Along with the presidents of Azerbaijan, Iran, Kazakhstan, and Turkmenistan, Putin declared the states “would not allow their territory to be used by a third country to commit military action against one of the parties.”

The United States has never ruled out military action against Tehran, but Iran’s northern neighbour Azerbaijan, a US ally, has repeatedly insisted it would not allow the US military to launch an attack from its soil.

Tuesday’s declaration also supported Iran’s right to nuclear energy, which the United States claims Tehran only wants as cover for an atomic weapons drive.

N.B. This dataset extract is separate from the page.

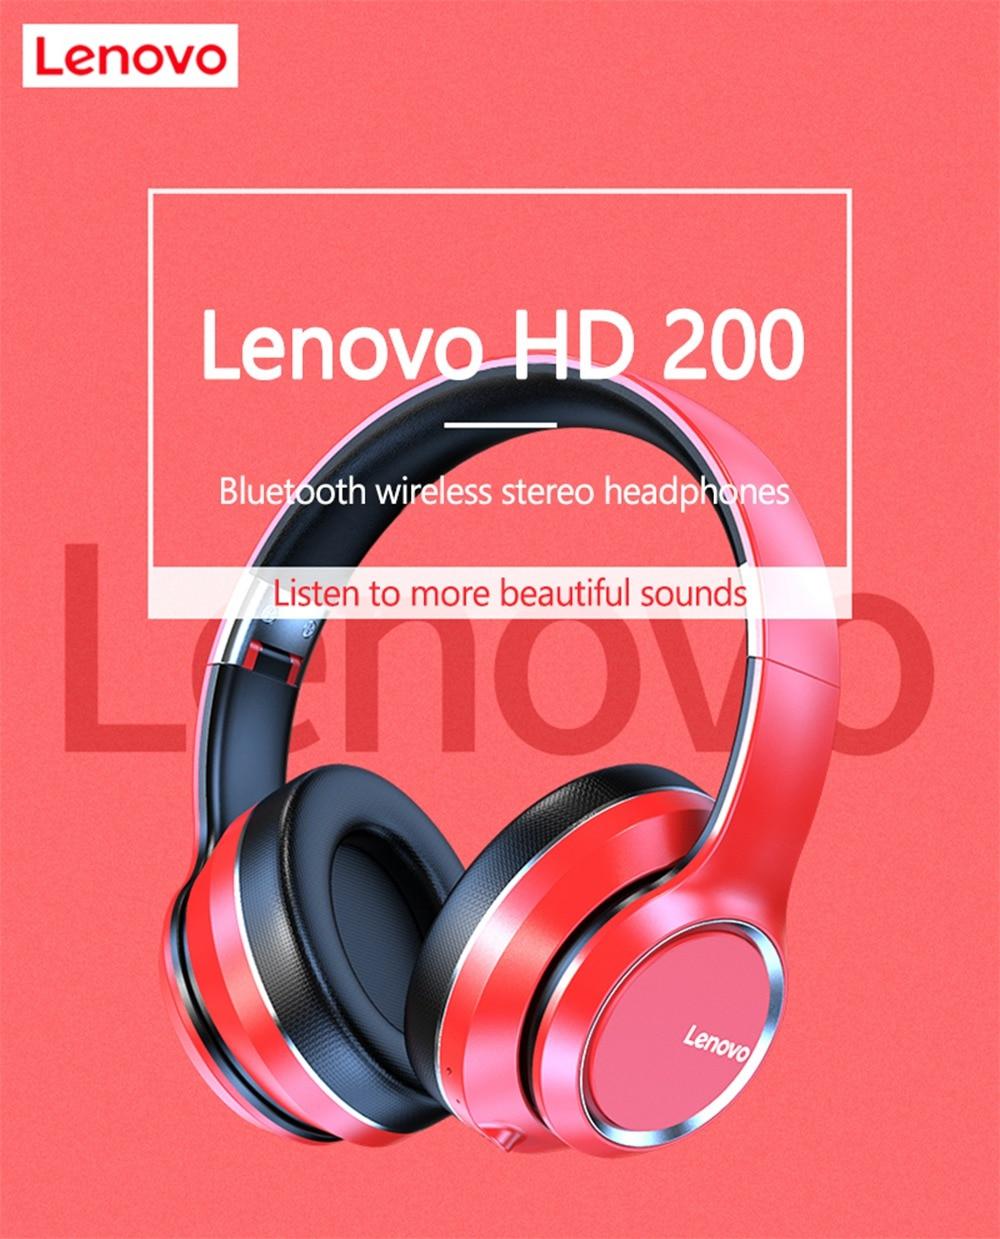 Lenovo HD200 Bluetooth Draadloze Stereo Hoofdtelefoon BT5.0 Lange Standby Leven Met Noise Cancelling Voor Xiaomi Iphone Lenovo Headset 9

It backed the right of Non-Proliferation Treaty members to “research, produce and use nuclear energy for peaceful ends, without discrimination, within the framework of this treaty and the mechanisms of the UN nuclear watchdog.” Putin’s comments highlighted the differences between Russia and the West, which is seeking more unilateral and UN sanctions to punish Tehran for its nuclear defiance.

Russia has insisted that diplomacy is the way to solve the standoff and has said it is not convinced by the Western claims Iran’s nuclear programme is military in nature. Tehran insists its atomic drive is entirely peaceful.

Putin also held talks with Iran’s supreme leader Ayatollah Ali Khamenei, when the Russian president said Moscow had an interest in a “strong Iran” and predicted that relations would expand further, state television reported. Reports on Russian news agencies of an assassination threat had cast doubt over whether Putin would go ahead with the visit but to the relief of Iranian officials, his plane landed at Tehran’s Mehrabad airport early on Tuesday.

The arrangements for Putin’s departure were also being kept under wraps.